The Office of the Australian Information Commissioner said it had initiated proceedings against the tech company and that Facebook committed "serious and/or repeated interferences with privacy".

The commission alleges the personal information of Australian Facebook users was disclosed without their permission to an app called "This Is Your Digital Life", which then sold the data to political consulting company Cambridge Analytica.

The now-defunct British company was at the centre of a massive scandal involving Facebook data hijacking in 2018.

US regulators said the company "engaged in deceptive practices to harvest personal information from tens of millions of Facebook users for voter profiling and targeting".

Australia's watchdog began its own investigation into Cambridge Analytica two years ago, with today's announcement it was pursuing Facebook in the courts the first action resulting from the probe.

"Facebook's default settings facilitated the disclosure of personal information, including sensitive information, at the expense of privacy," Australian Information and Privacy Commissioner Angelene Falk said.

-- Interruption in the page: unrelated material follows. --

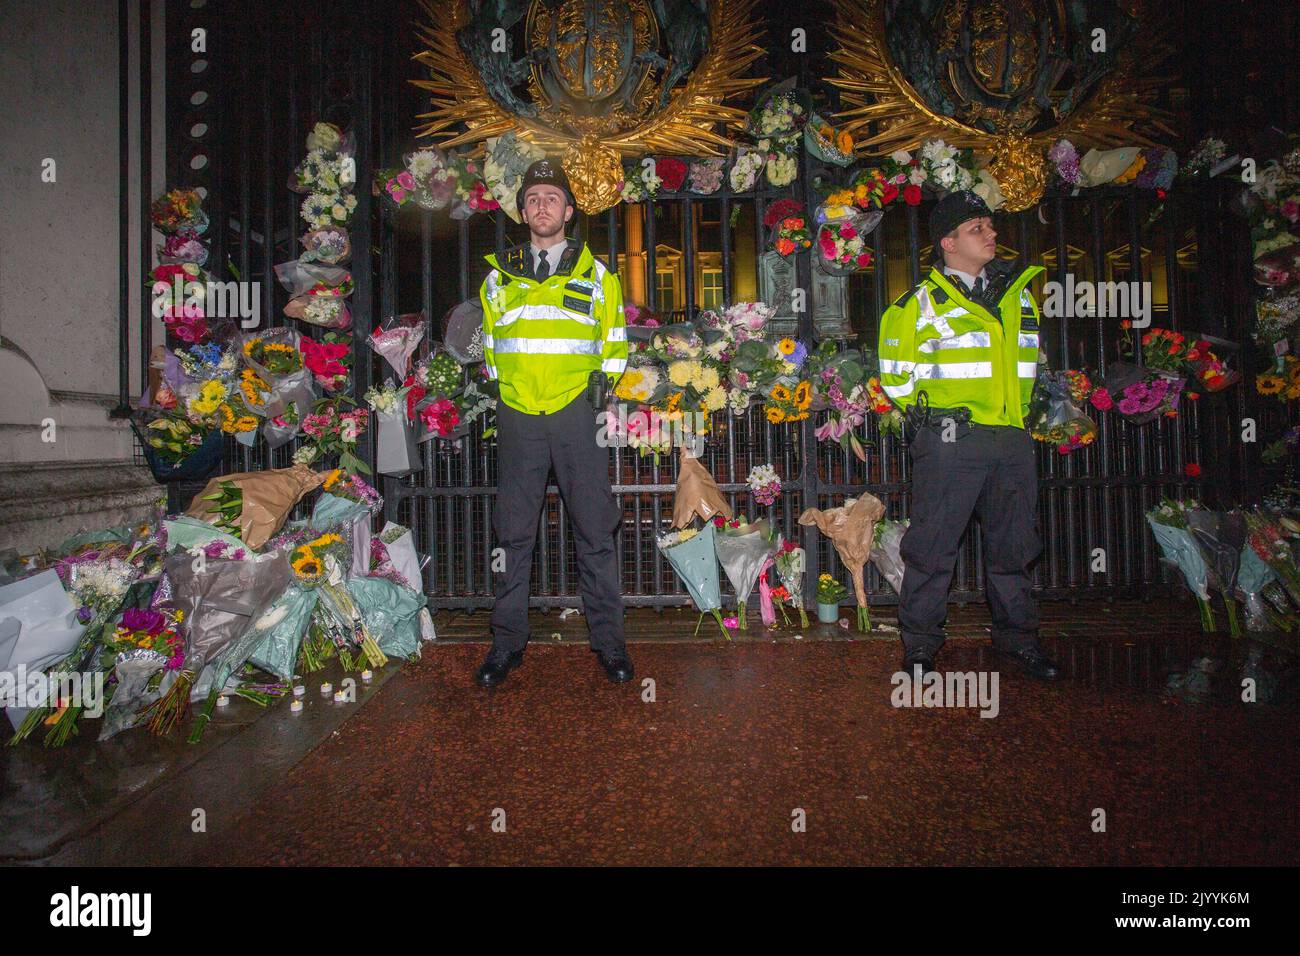 LONDON, ENGLAND - SEPTEMBER 08: Police officers stand amongst floral tributes left outside Buckingham Palace in central London, following the announcement of the death of Queen Elizabeth II,Credit: Horst A. Friedrichs Alamy Live News Stock Photo
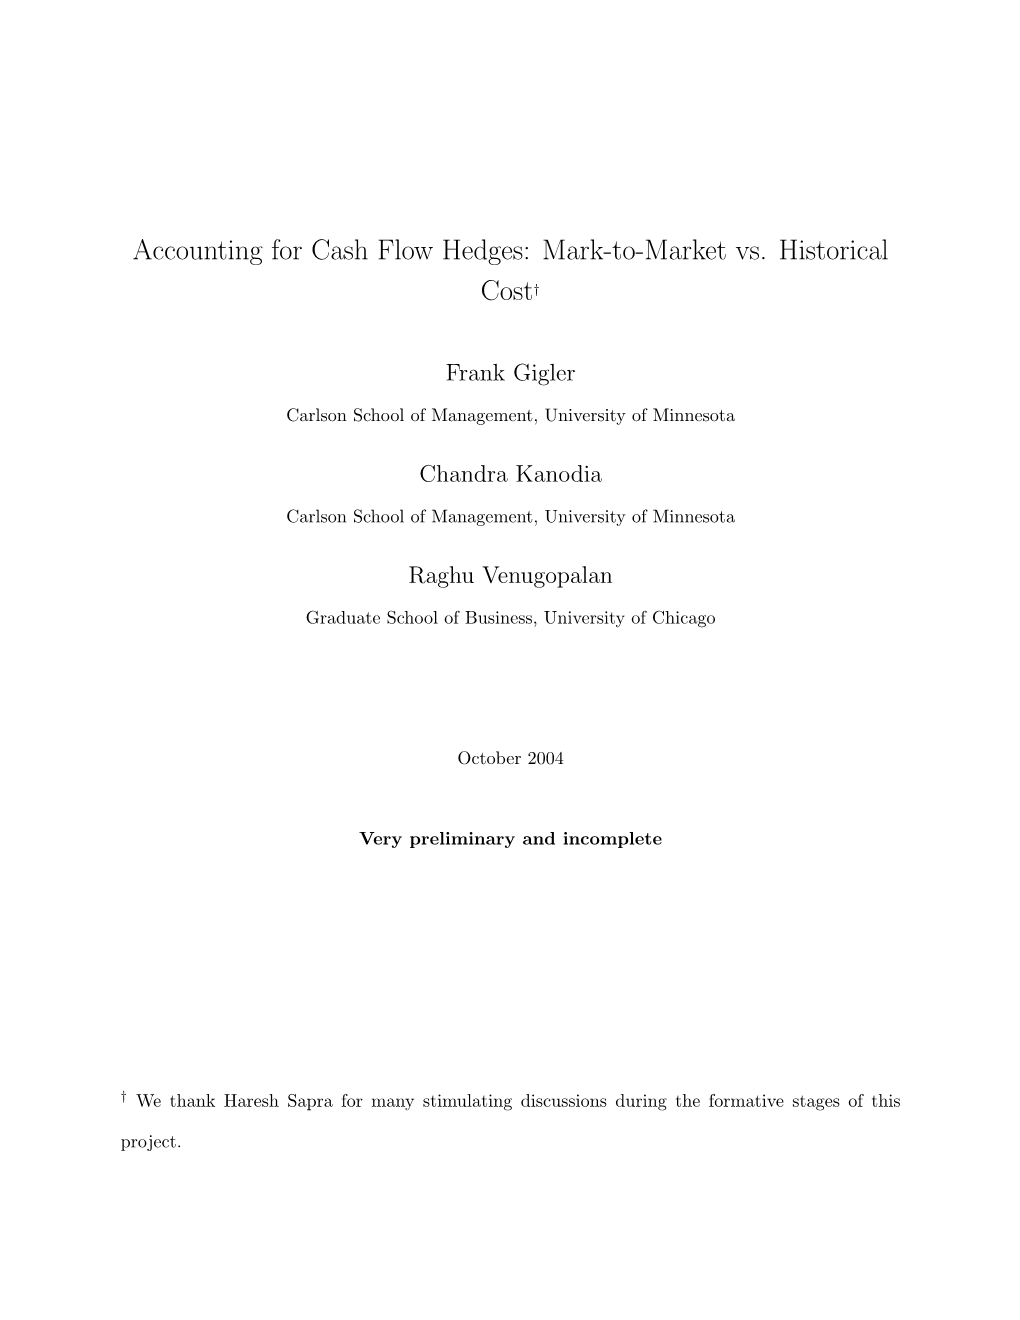 Accounting for Cash Flow Hedges: Mark-To-Market Vs. Historical Cost†

"We claim these actions left the personal data of around 311,127 Australian Facebook users exposed to be sold and used for purposes including political profiling, well outside users' expectations."

Facebook's own investigation found that some data from 87 million users in the United States and elsewhere had been compromised by the company, and claimed the practices violated the social network's terms of service.

Facebook said it had "actively engaged" with the Australian investigation but refused to comment further on the specifics of the matter as it was before the court.

The company also said it had made "major changes" to its platforms in consultation with international regulators to "restrict the information available to app developers, implement new governance protocols and build industry-leading controls to help people protect and manage their data".

It paid a record $5 billion (Dh18.3bn) penalty in a settlement with the US regulator, while in the UK it was fined more than $650,000 for the breach.